Watch this, watch his other videos. You will then have all the instruction you need because, as said, its basic kitchen work, not rocket surgery.
I'd add one thing as I don't know if Jon actually mentions it, but to hold a consistent angle you will keep a thumb, and/or a finger or two, near the edge of the blade, this widens your base of support and better control naturally follows.
I went on a port kick a few years ago and now have these and other dessert wines coming out the wazoo. LOL There are a lot of late harvest zinfandels that are just delicious and one of my favorites, Dulce from Far Niente.
I have some late 80s ports I've been sitting on a whole bunch from my 10 year ago binge; some vintage, other's not. And there's other stuff like tawney that doesn't age but won't go bad either. Let us know how the 2011 turns out.
BTW, I'm off tomorrow to vacation with the kids at a lake in MO next week. Already shipped out 1/2 case of assorted to keep us in wine on the water. I'll most likely be incommunicado for a bit.
Well, it's been years since I chimed in and at that time I was asking much the same, questions about good knives and sharpening. I bought a few stones and got to the point of at least getting knives passable sharp including a reasonable Henckles but never as sharp as they should be. I couldn't ever bring myself to spend more money on good knives if I couldn't already sharpen the ones I had to an acceptable level so I muddled on.
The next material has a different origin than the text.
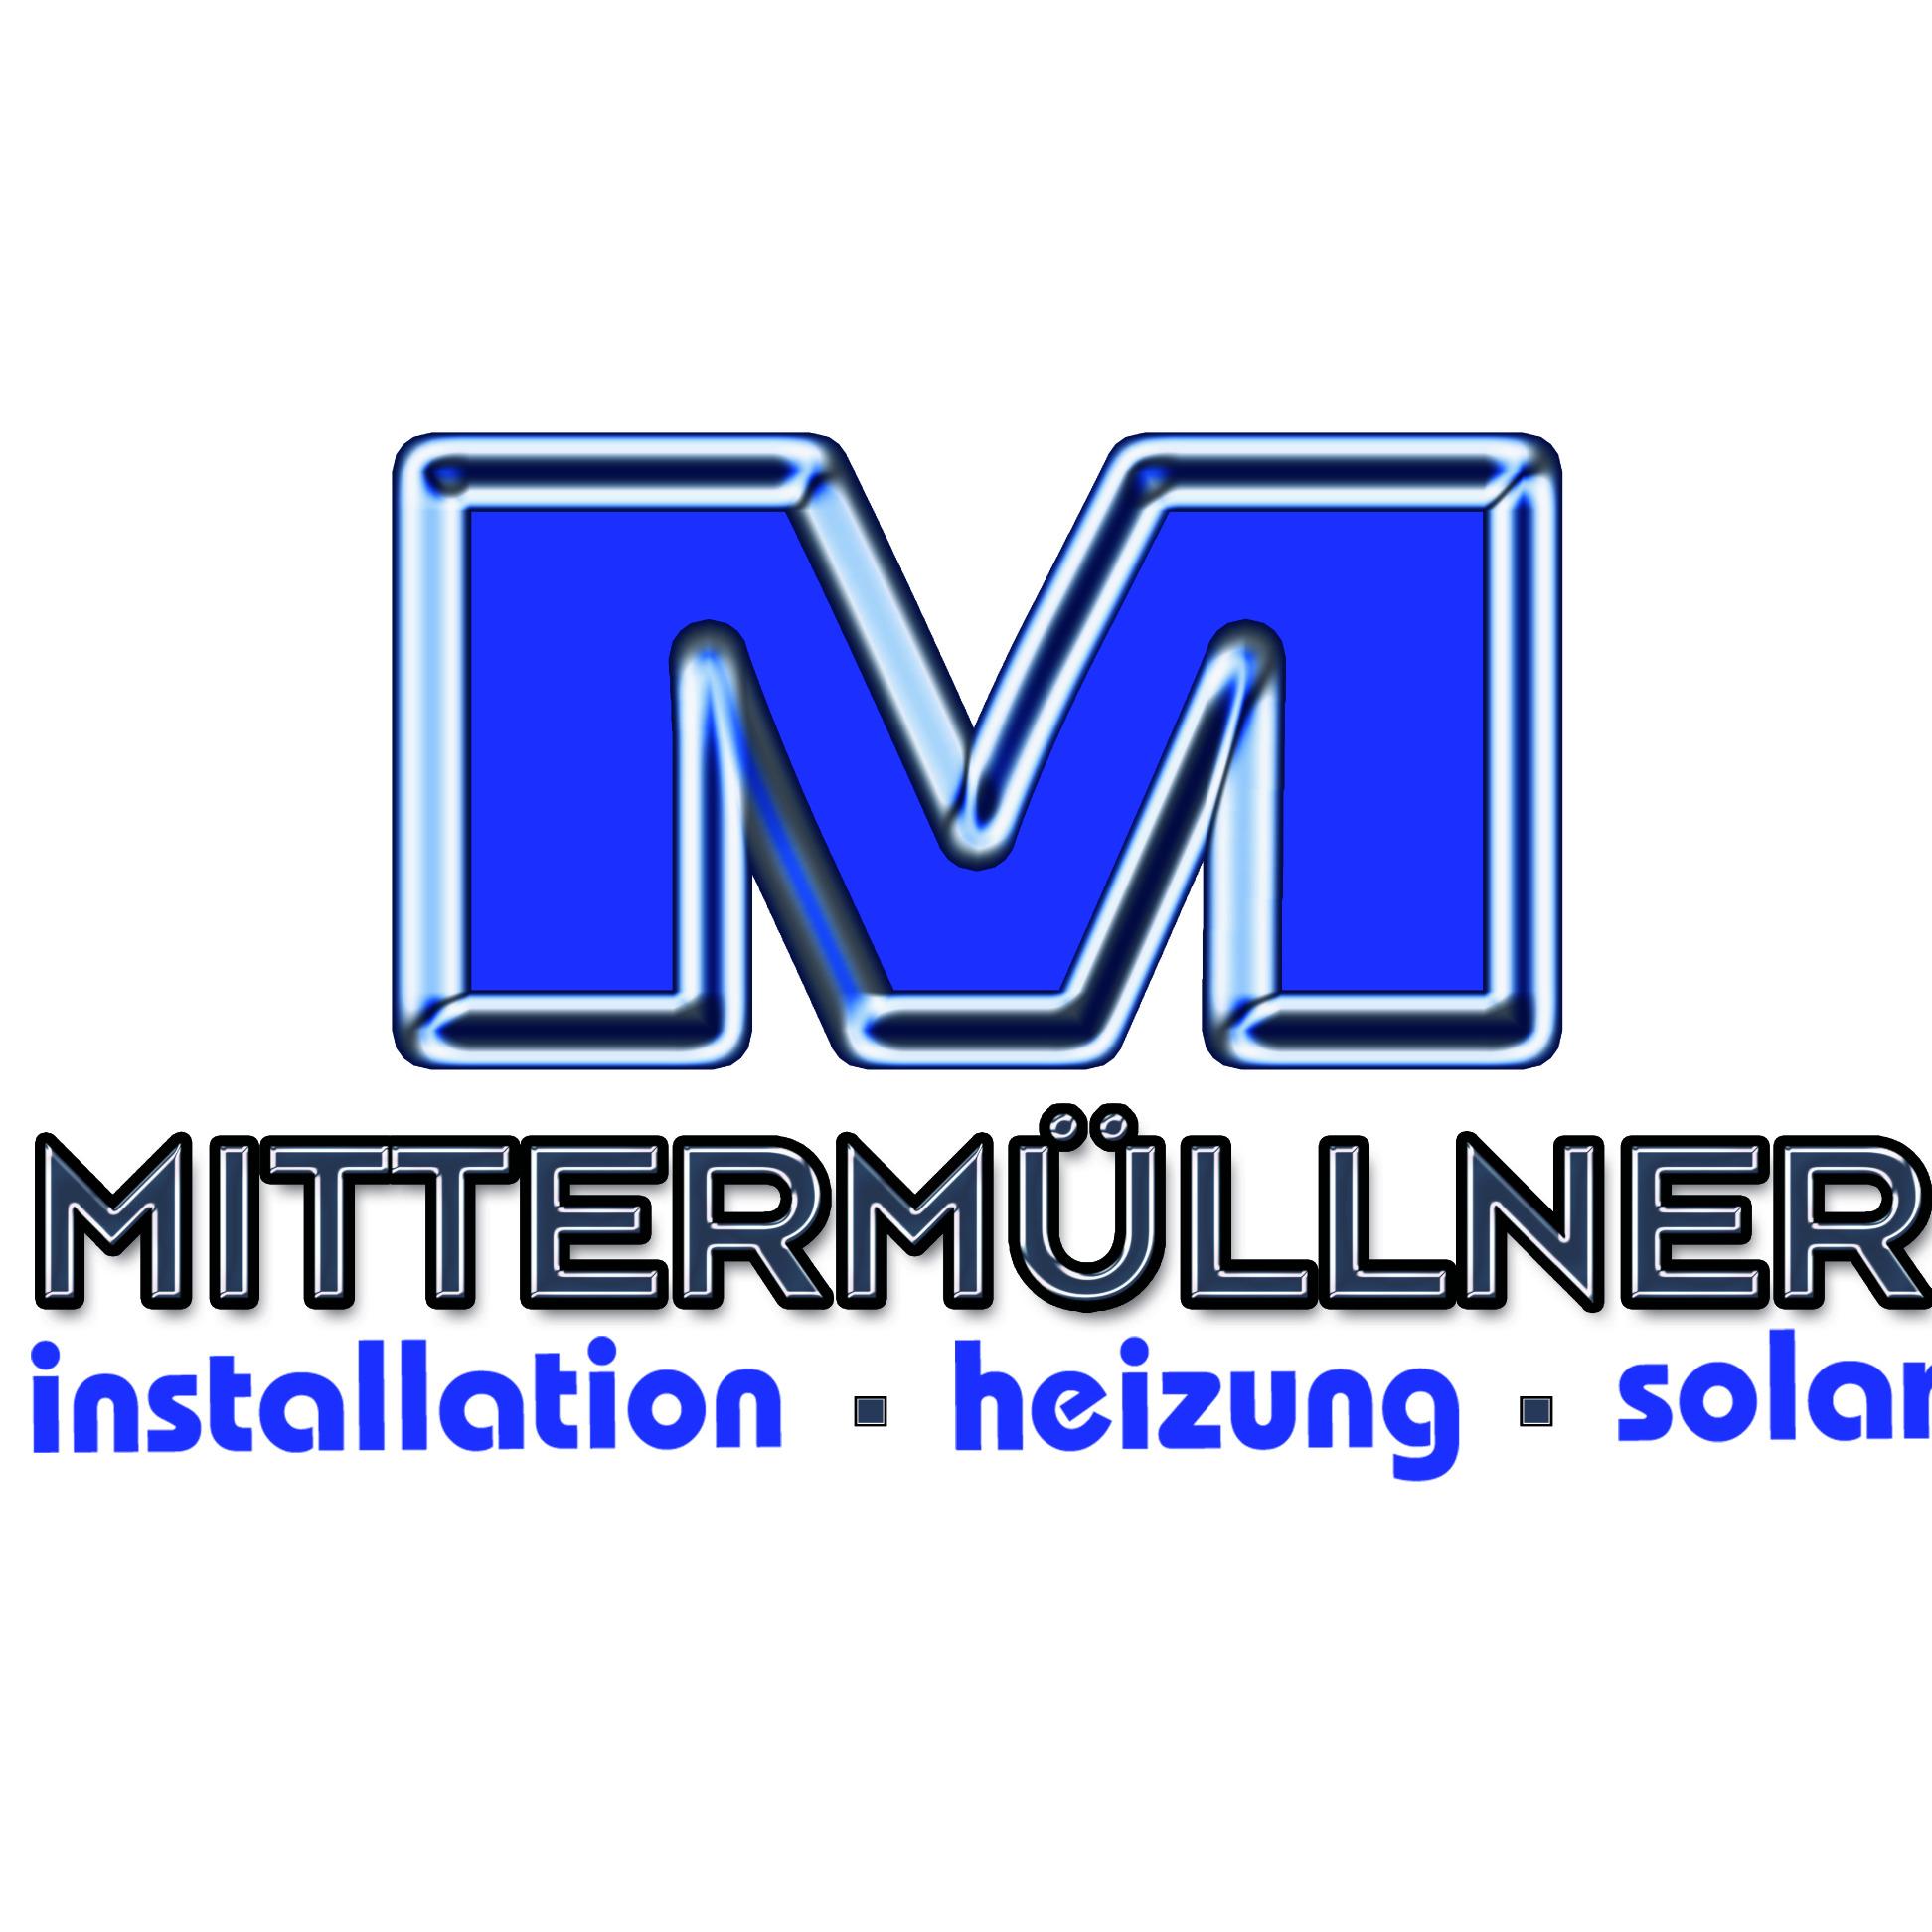 Martin Mittermüllner Logo

A few months back I bought the Wusthof branded version of the Chef's Choice 3 stage knife sharpener with some reluctance as I already had a much older Chef's Choice that I had never been happy with. What sold me on giving it a try was the different angle, it use the Wusthof PETech 14 deg angle and boy what a revelation. Now, I'm not using this on super quality Asian knives so I can't comment on how they might fare but even on the worst of my old knives (and we are talking a couple of Woolworth Quality knives if anyone remembers the old nickle and dime store) it brought them to tomato slicing sharp, albeit in some cases with a pass or two of the steel before use.
The Henckles, by my standards got closer to wicked sharp, as in I'm not testing this on arm hair because I don't want to filet myself sharp. Since I did get something of a resolution to my original question, I thought I'd throw in my review and add a thanks to boar_d_laze and other folks kind enough to respond to my original posts.